By the early 1970s, the Outlaws in Chicago, and in other cities and towns, had begun a long slide toward crime and violence. In 2001, the club's international president, Harry "Taco" Bowman, would be sentenced to life in prison on racketeering and drug charges; his successor, James "Frank" Wheeler, would get the same sentence on similar charges in 2004. But all of that was in the future as CowBoy and Sparky posed for Danny Lyon back in 1965.

Six years later, CowBoy went home to Utah, saying he wanted to be near his family. In the next year or so, he says, Sparky moved, maybe to Minnesota, and the pair lost touch. (Efforts to reach Sparky for this story were unsuccessful.) In 1975, CowBoy and two other men were arrested and charged with killing a 36-year-old man who had been living in protective custody in Price, Utah, after the man's testimony helped convict a motorcycle club leader on drug charges in Salt Lake City. The man was beaten, stabbed, choked and shot 14 times.

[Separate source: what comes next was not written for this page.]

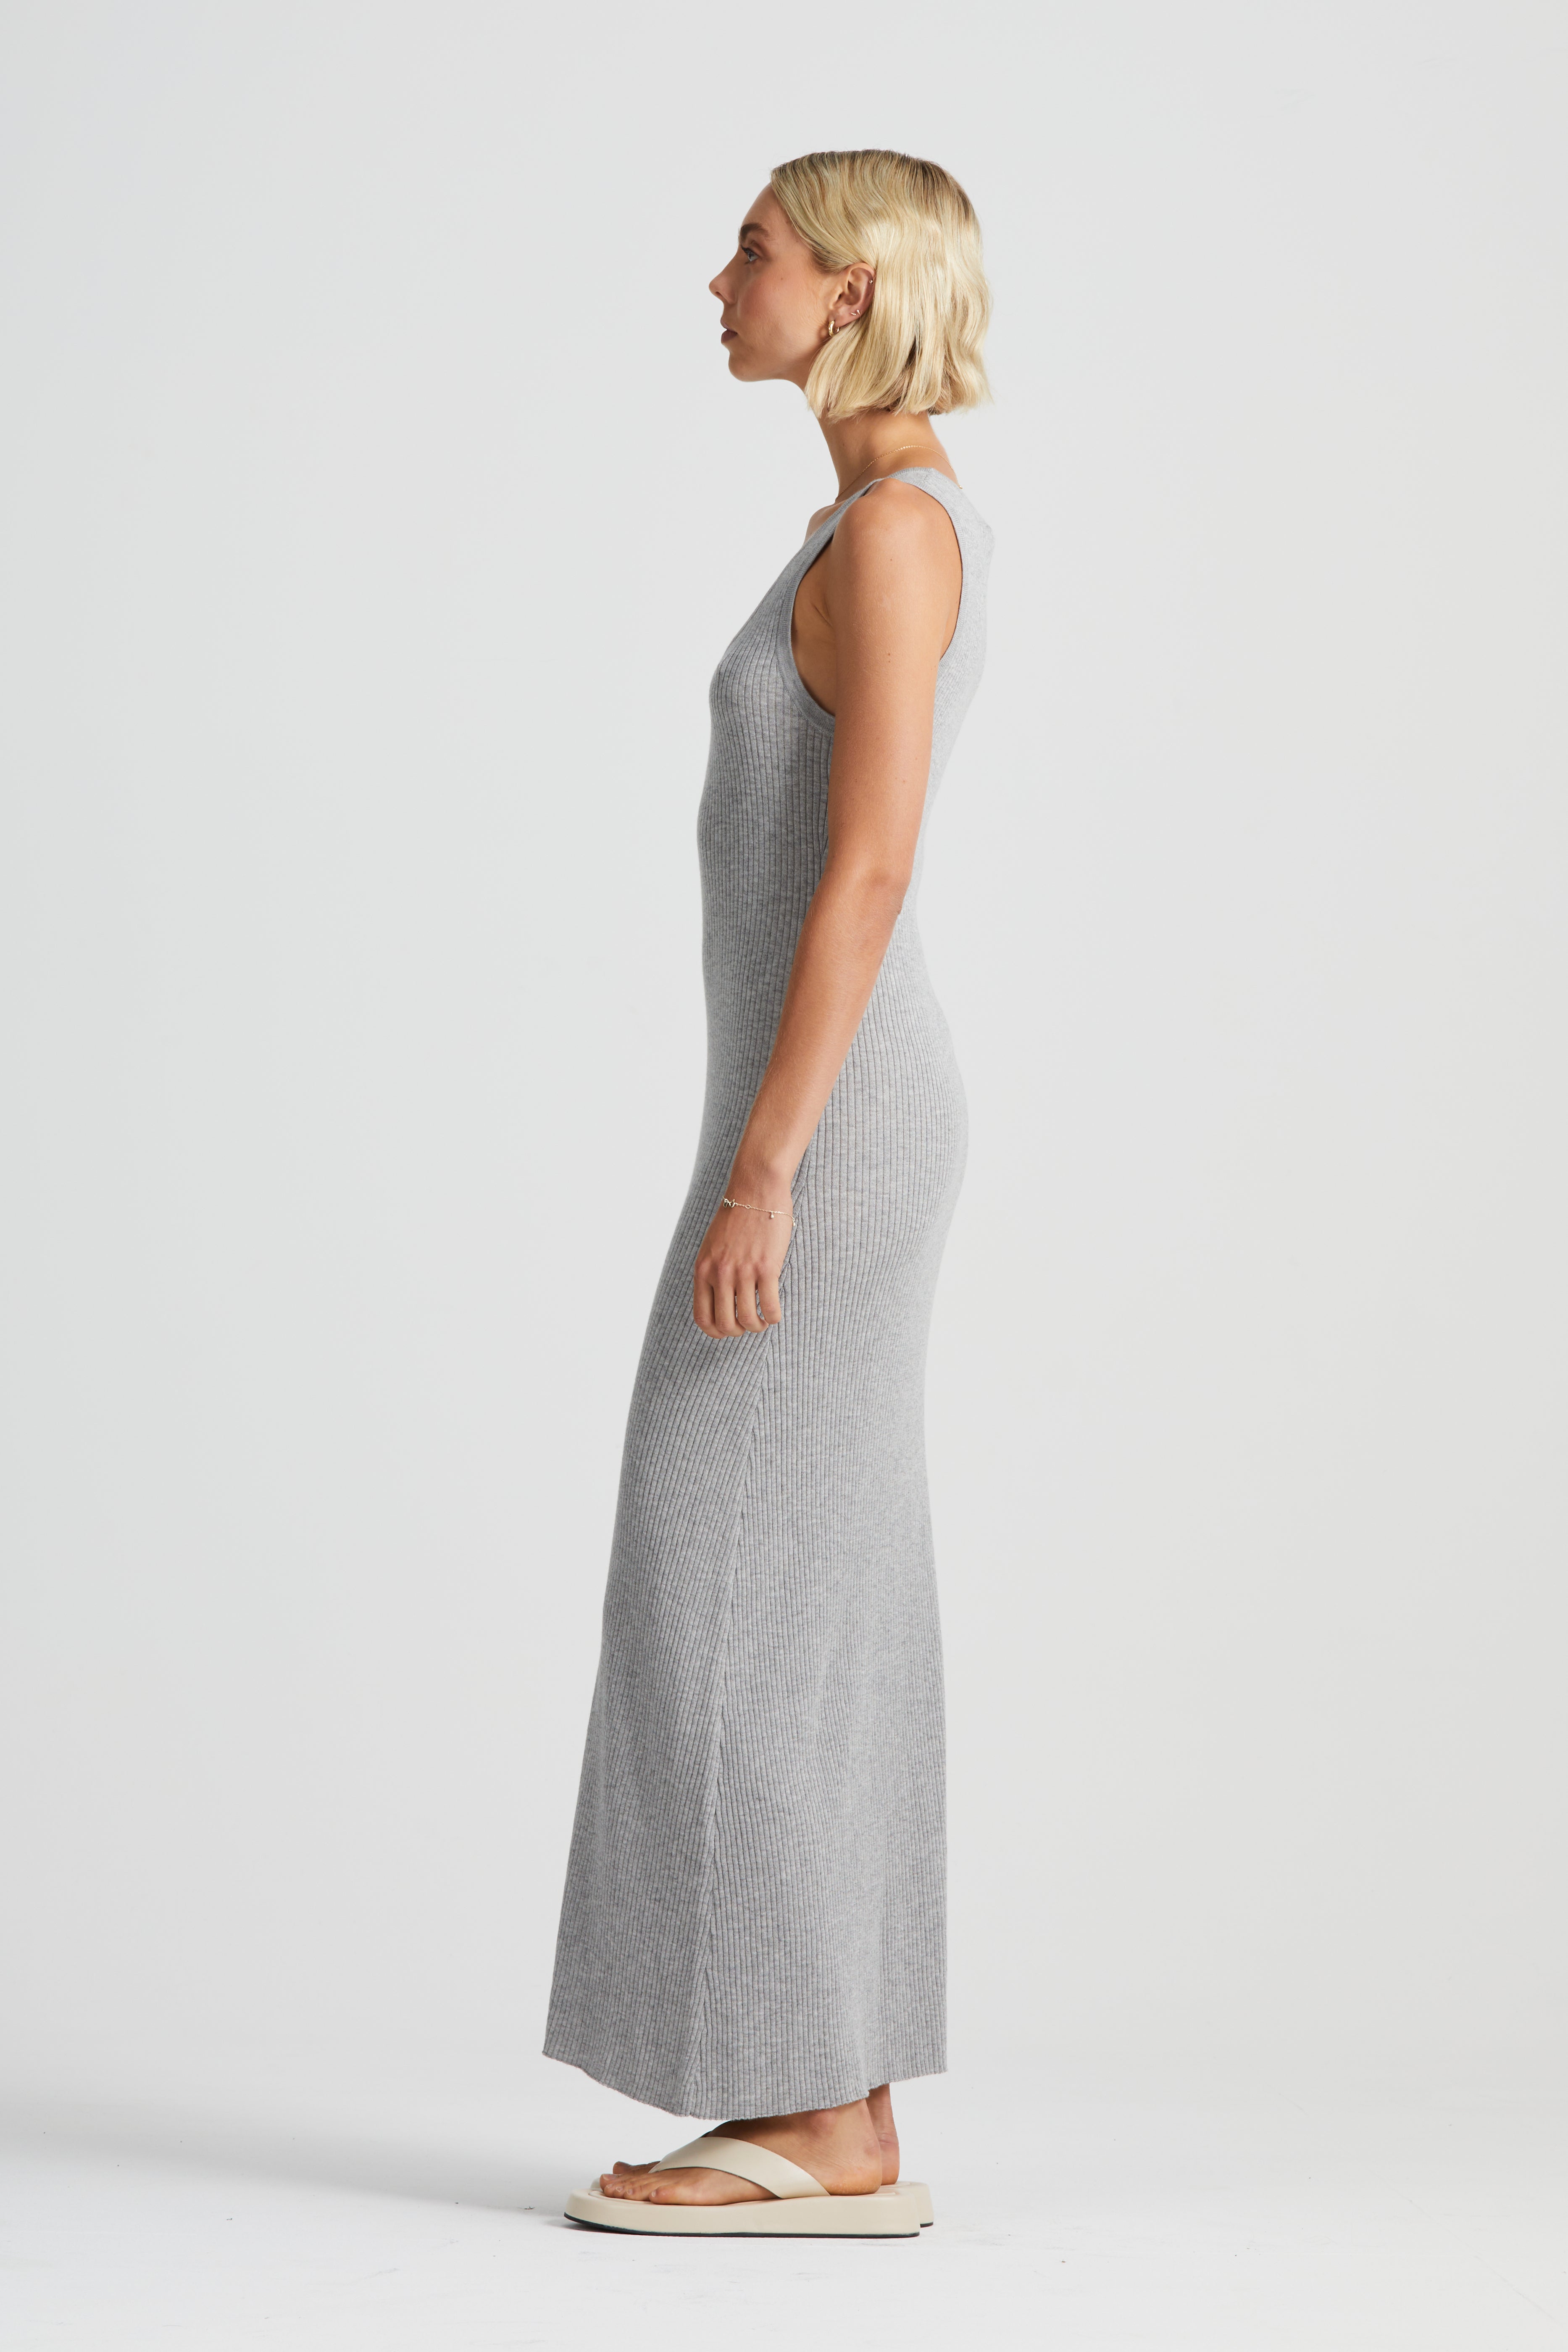 The Linear Sleeveless Knit Dress | Grey Marle $390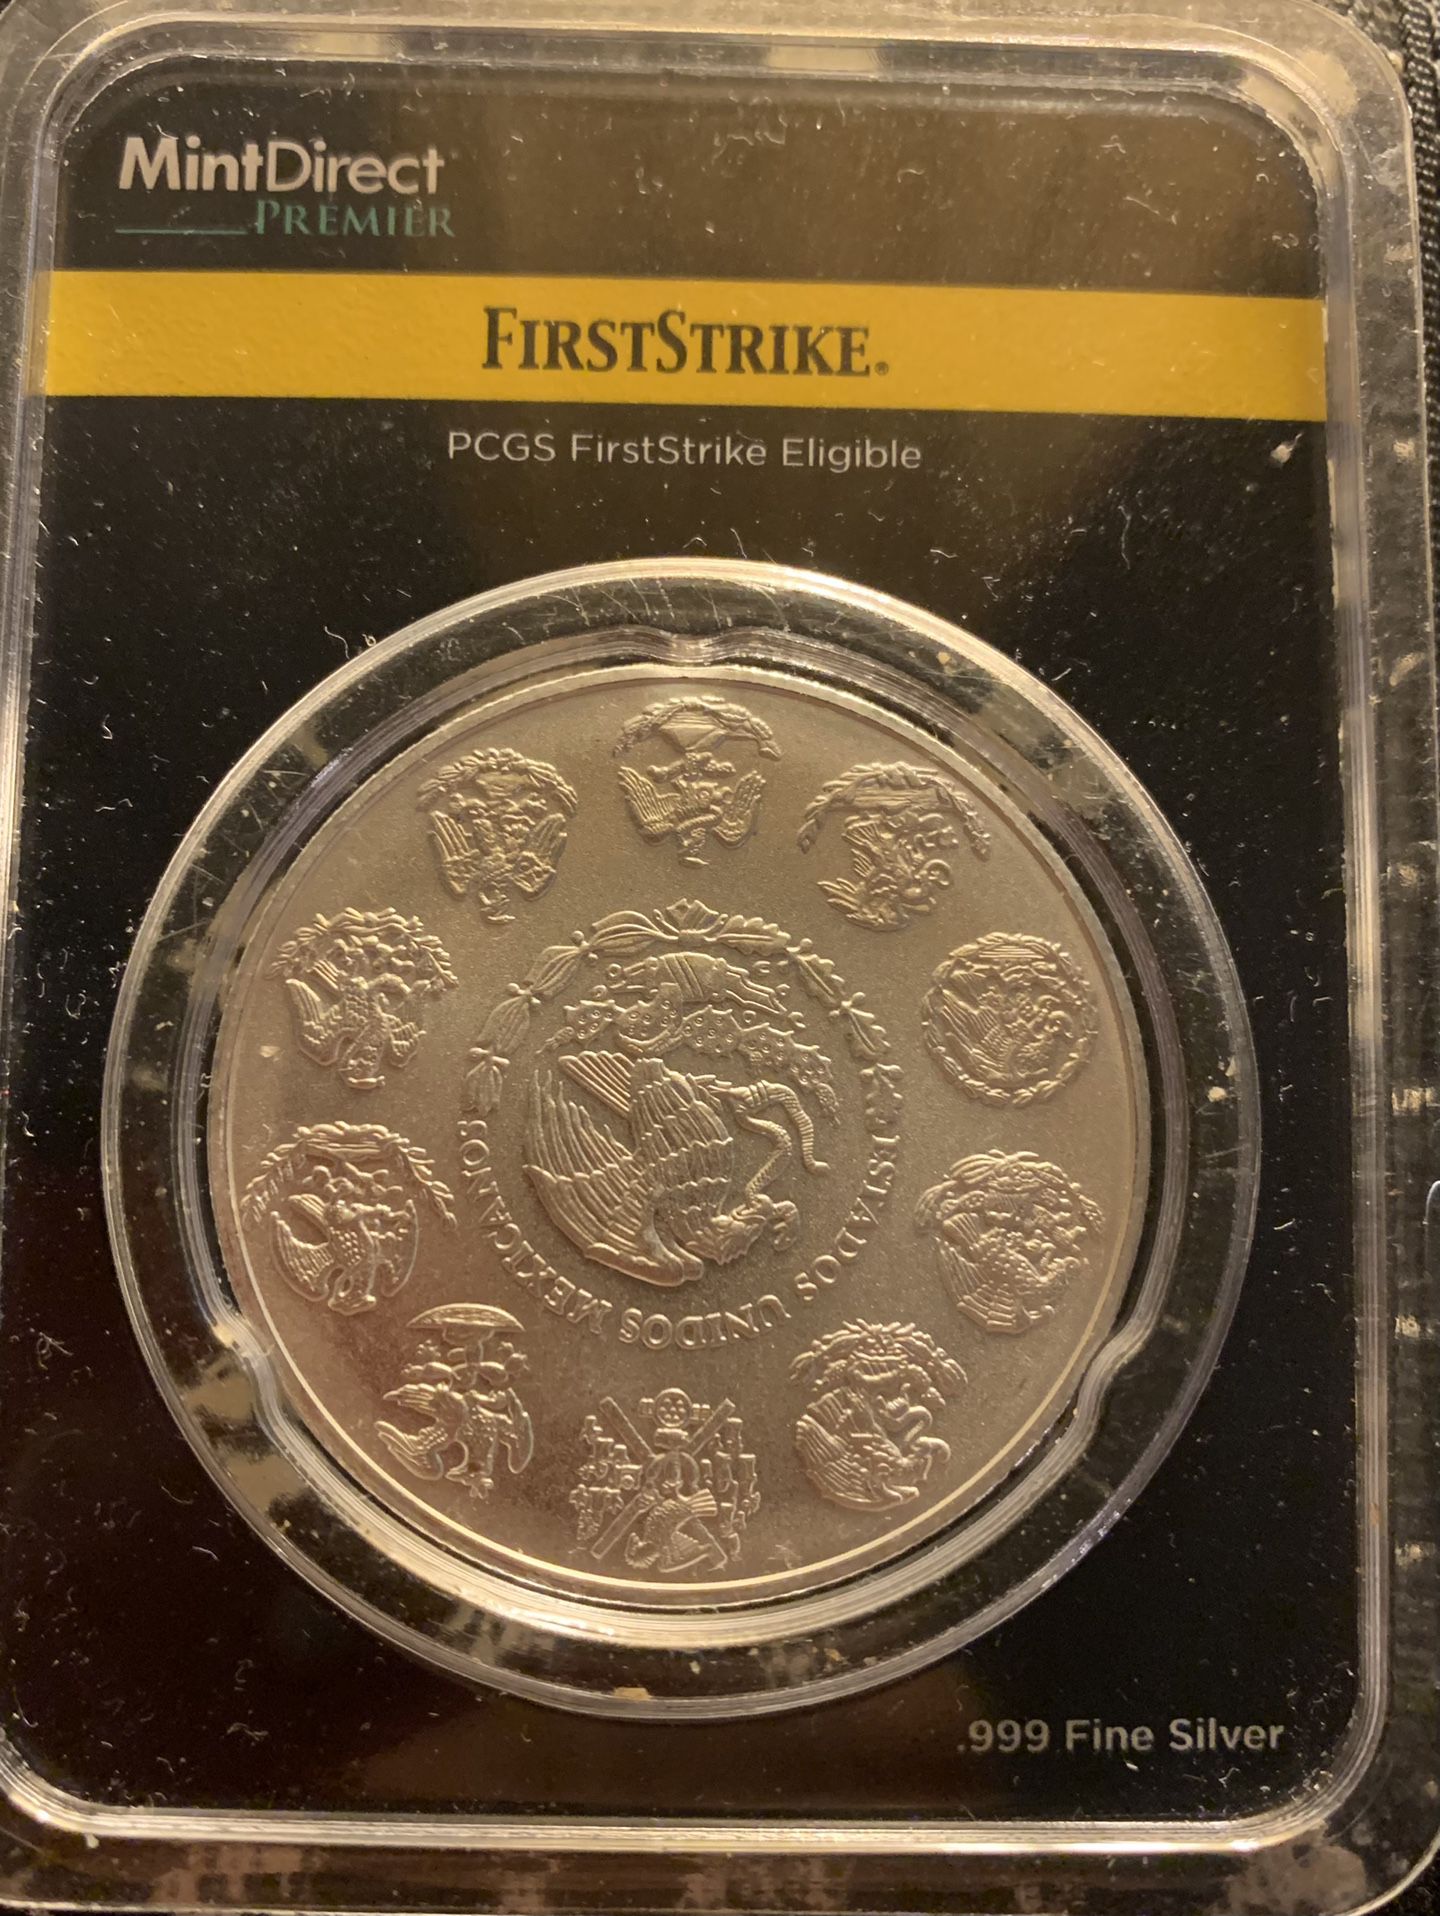 2022  1 OZ Silver Libertad  Mint Direct Premier Coin.

Convicted of murder and sentenced to death, CowBoy and the other two men awaited the firing squad. At one point, CowBoy came within three days of execution, but legal challenges by his attorneys saved him. In 1980, the three men's sentences were reduced to life imprisonment after a Utah court ruled that the prosecutor failed to provide some evidence to defense attorneys.

In prison, CowBoy says, he decided that the way to do time was to avoid distractions, so he discouraged visitors. His prison record reflects no major problems. He was paroled in 1995.

"I told the state board that [the man I killed] had it coming," CowBoy says, recalling his admission of guilt to state officials before his release. The man had been dealing drugs and hanging around young girls, he says, and besides, "I knew the guy he informed on." CowBoy admits he's done some wild things, but he insists that "the only time I ever hurt anybody was that time."

After getting out of prison, CowBoy found work as a sandblaster and industrial steel painter, largely in Utah. He also bought another bike. He ditched the job when he retired in 2004. He still has the bike. On a motorcycle, he says, with the wind in your ears, "you just leave society behind you."

Stephen Franklin has been a foreign correspondent for the Chicago Tribune, but he has never ridden a motorcycle.